Very well said Dreamer. Yes neuro and mt S are very informative and helpful. As have been so many others over the last few years I have been frequenting the site.

Thank you all!


----------



## Rienzphotoz (Jan 9, 2014)

Dylan777 said:


> And of course, my newly fav Mr. *surapon * "ha-ha-ha" ;D


+1 ;D


----------



## RLPhoto (Jan 9, 2014)

I hope you enjoy the interchange of knowledge and encouragement here at CR. We all started somewhere. ;D


----------



## wsmith96 (Jan 10, 2014)

Thanks Dreamer for reminding us that this forum is a great place to learn and share. Thank you all for the help you have provided me as well.

Wesley Smith


----------



## Click (Jan 10, 2014)

Dylan777 said:


> +1...so much respects for both, Neuroanatomist & Mt Spokane



+1 



Dylan777 said:


> And of course, my newly fav Mr. *surapon * "ha-ha-ha" ;D



+1 ;D


----------



## mackguyver (Jan 10, 2014)

I'll add to the chorus of thank yous as well. I've been posting a fair amount in the last few months, but I have gotten WAY more out of the forum than I could ever hope to put into it.

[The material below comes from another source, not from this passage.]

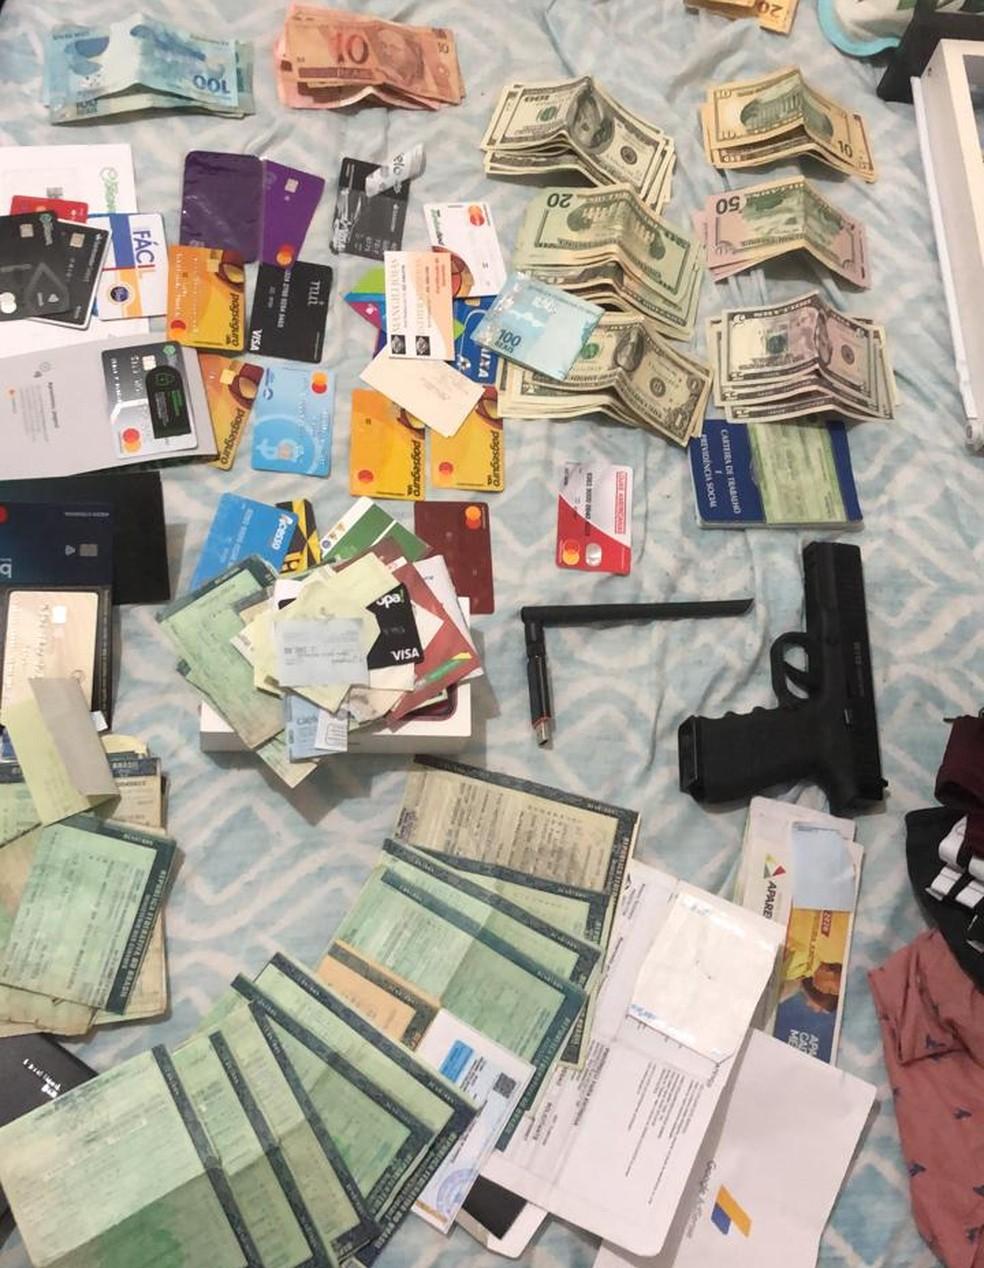 Documentos, cartões, arma e dinheiro apreendidos na Bahia, durante Operação 404 do Ministério da Justiça — Foto: Arquivo pessoal

Some of the advice I've received has been costly, but all of it has been excellent and we have a very low number of negative members and trolls here compared to every other online community I've been part of over the last 15-20yrs. 

Thanks everyone and thanks to CR Guy for creating this site and forum!


----------



## rpt (Jan 10, 2014)

mackguyver said:


> and thanks to CR Guy for creating this site and forum!


Instead of saying +1 (or any other positive number) I'll say 256 bits of DR for CR Guy


----------